In a week, the United States will mark an anniversary that no American should want to celebrate: It was last June 10 and 11 that companion bills were introduced in both the House and Senate to increase greatly the U.S. government’s support for domestic semiconductor manufacturing. Since I’m a strong backer of such efforts, why am I so downbeat? Because despite the importance of strengthening the American footprint in this sector for both national security and future prosperity, and despite seemingly strong bipartisan support for this effort (at least in principle) nearly a year later, not a single penny has been been spent.
It would actually be reasonable to argue that the federal government took way too long to take even that preliminary step. After all, as I documented in this article last October, America’s global leadership in producing (as opposed to designing) the microchips increasingly crucial to so many defense-related and civilian products and services – and indeed, entire industries – had been waning for decades, and was finally lost in 2017. That’s the year when U.S.-owned Intel became unable to keep up with Taiwan’s Taiwan Semiconductor Manufacturing Company in turning out semiconductors featuring the world’s smallest circuit sizes – the main indicator of a chip’s capabilities.
So it’s not terribly impressive that American political leaders took two years to begin responding in a serious way. (And P.S. – the executive branch, under President Trump, clearly wasn’t johnny-on-the-spot, either, in using the bully pulpit to sound the alarm and generate support for action.)
Still, the bipartisan nature of the legislative effort – at a time of heated partisanship on virtually every other national issue – seemed cause for encouragement. Even better: Just a month later, the House and Senate passed their respective semiconductor bills.
Since then, however, progress has been sluggish. The Representatives and Senators didn’t manage to get their acts together before that session of Congress ended in order to draft and pass the consensus bill needed to go to the President’s desk for signing. Therefore, the measures died, and work needed to begin all over again this past January, when the new Congress convened.
Semiconductor work was proceeding along another track in late 2020, and resulted in key provisions of the expired bill being incorporated into legislation authorizing the Defense Department’s levels and kinds of spending for this fiscal year. That bill became law this New Year’s Day (over a Trump veto for unrelated reasons), but according to Congress’ procedures, authorizing bills can’t trigger any spending. That requires an appropriations bill – which also must be passed in identical form by both chambers before enactment.
Six months later, there’s still no money flowing. The story is excrutiatingly difficult to follow, but it appears that Senate Majority Leader Chuck Schumer of New York tried to speed up the process in May with an emergency funding measure. Passage seemed likely at month’s end, before the Senate’s scheduled Memorial Day recess, but was stymied at the last minute by a sadly typical array of political shenanigans from both the minority Republicans (whose support was needed because of the Senate’s filibuster provision requiring super-majorities to pass most legislation) and Democrats. (See here and here for good accounts.)

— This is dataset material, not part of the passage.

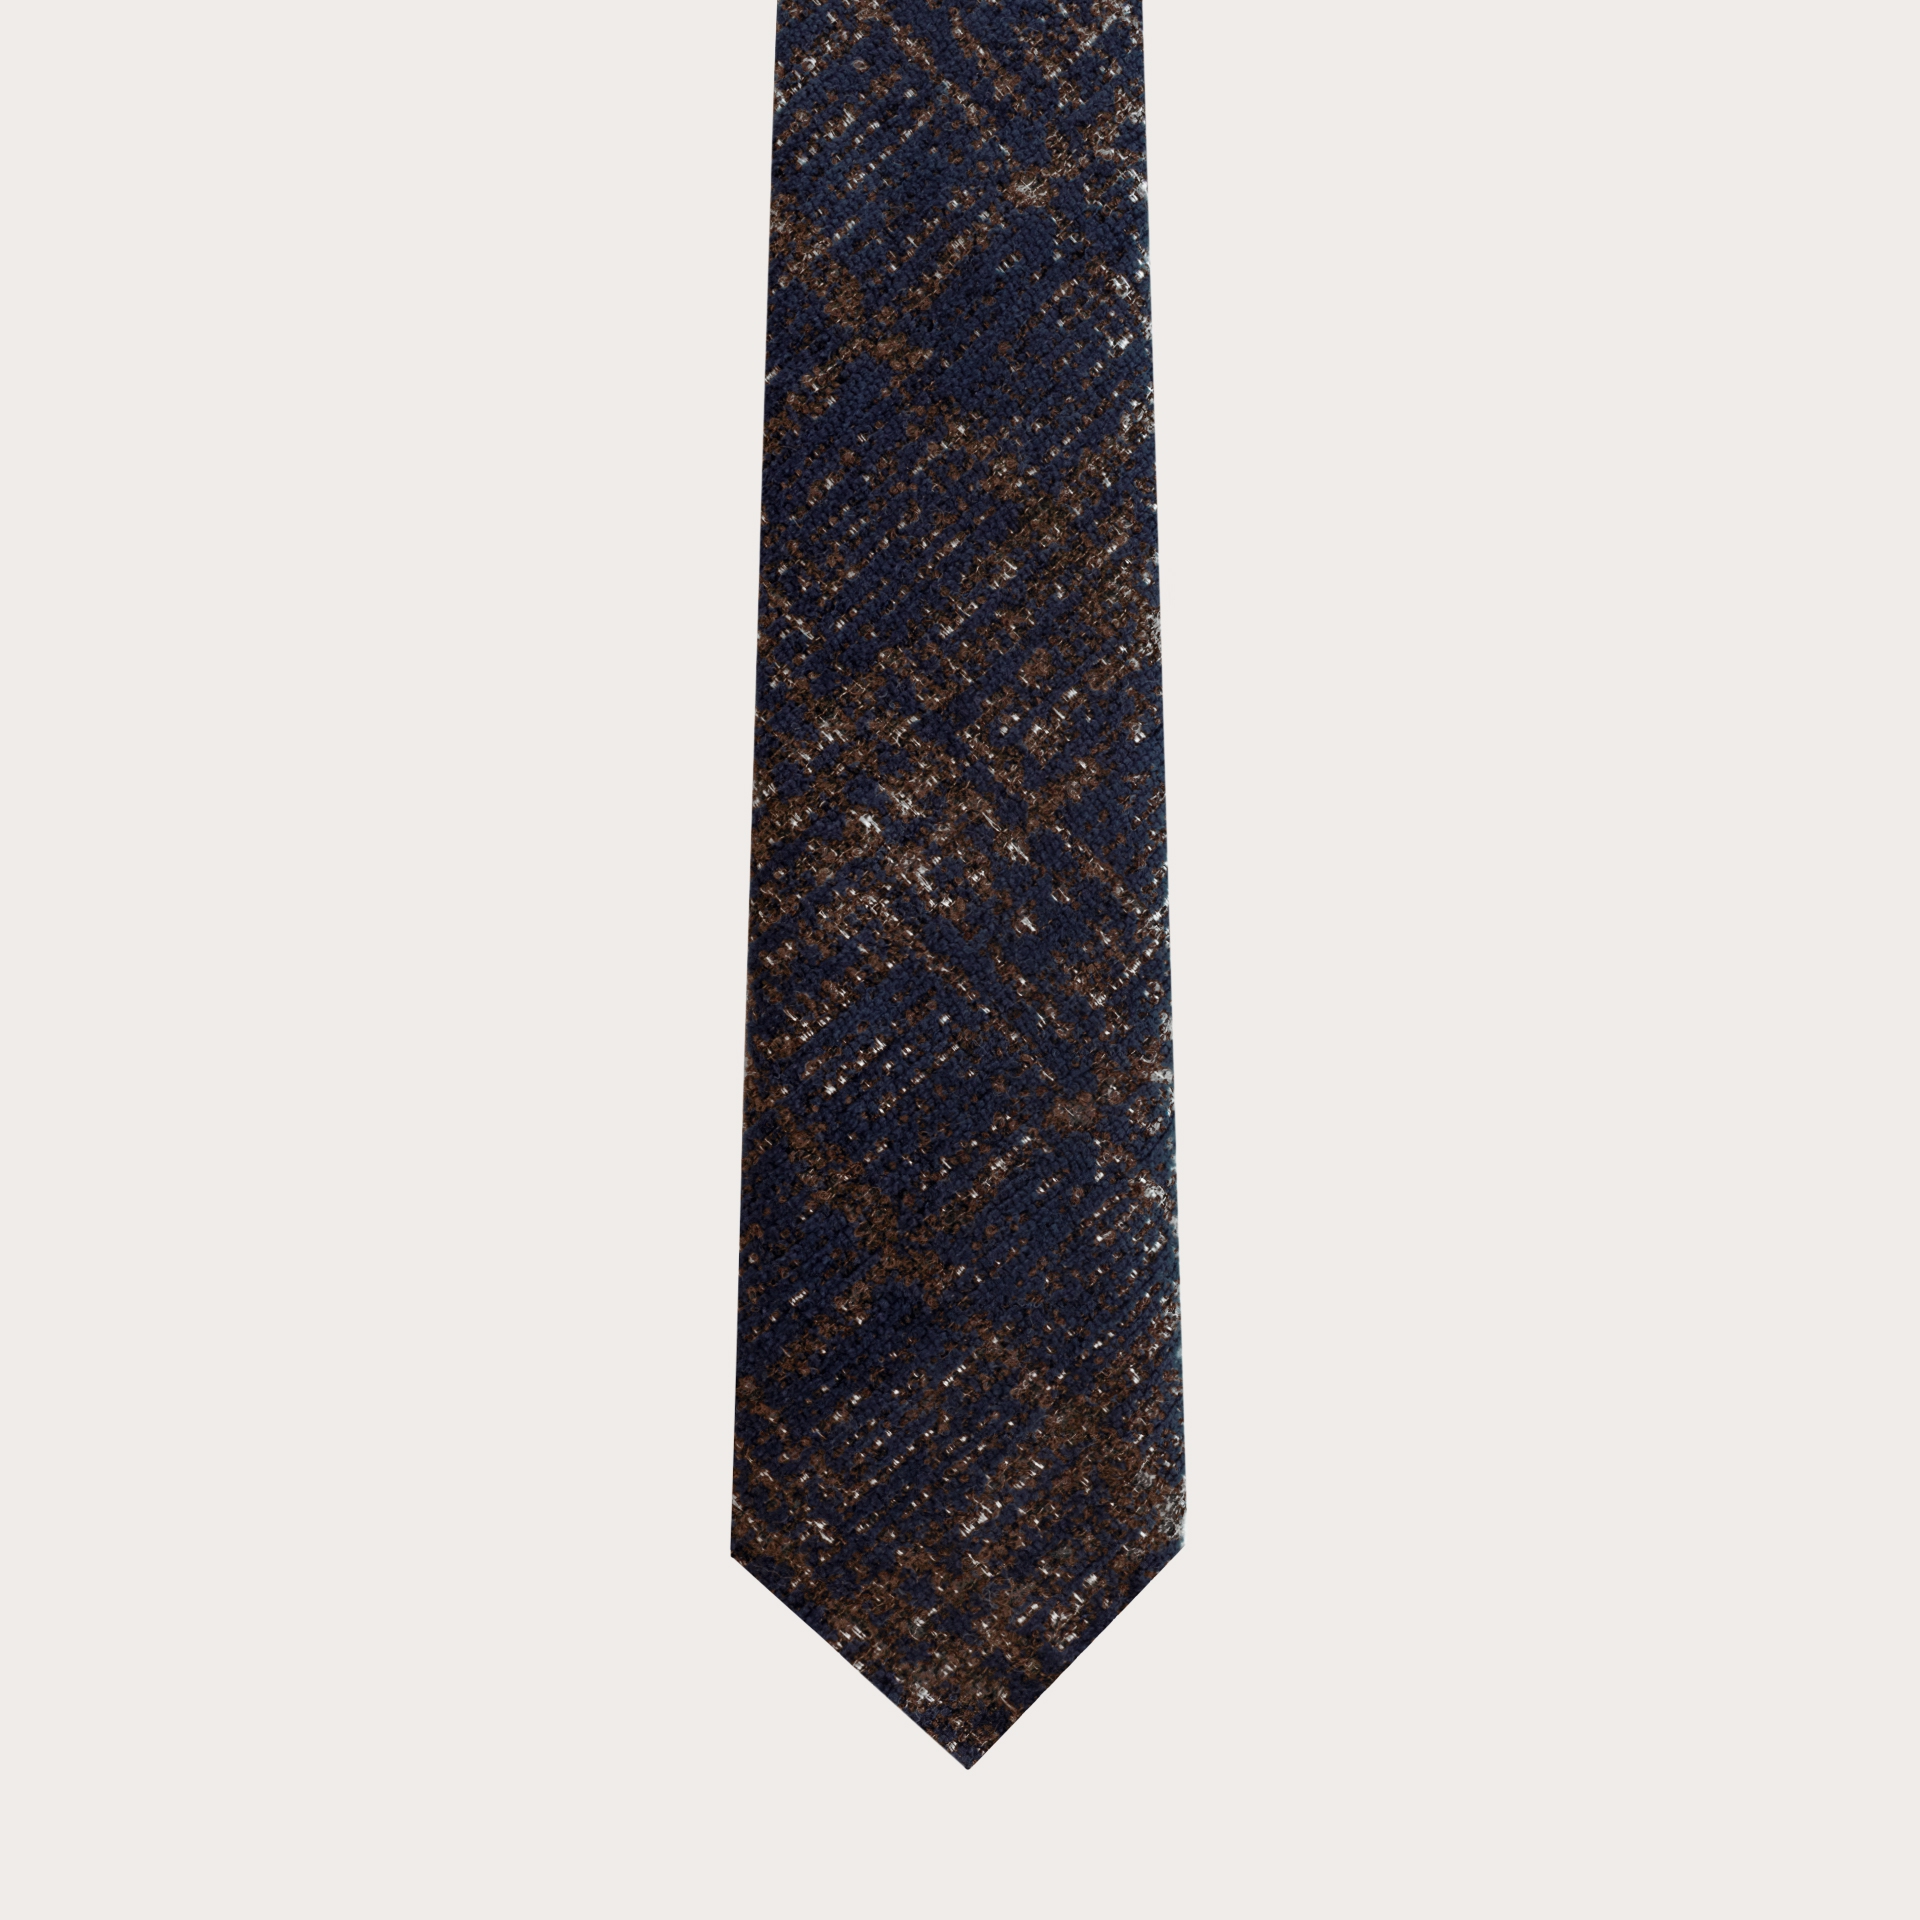 Cravate non doublée en laine et soie, tartan bleu et marron

Passage of a similar measure by the House looks to be easier, because of the Democrats’ slightly bigger majority. But there the process is less advanced, since the House Democrats’ own technological competitiveness proposals were only introduced in committee May 25.
It’s not like the U.S. private sector has been standing still. Intel, most significantly, seems determined to reemphasize manufacturing again, and has committed to put lots of money where it’s mouth is. But without a major helping hand from Washington, this campaign is sure to be swamped by the massive amounts of foreign government subsidies for promoting advanced semiconductor manufacturing that have been announced lately. (Here’s a useful summary.)
I’m generally a fan of the cautious approach to policymaking fostered by the U.S. Constitution’s separation of powers and checks and balances principles. And I wouldn’t be so fast, like so many Democrats, to junk the Senate’s filibuster rule (which is not found in the Constitution). Yet time is not America’s friend when it comes to regaining lost ground in a fast-moving industry like semiconductors, and if Washington continues its business-as-usual approach on this issue, history will likely conclude that the American political system failed a big test.
Full disclosure: I own a not-trivial number of shares of TSMC common stock.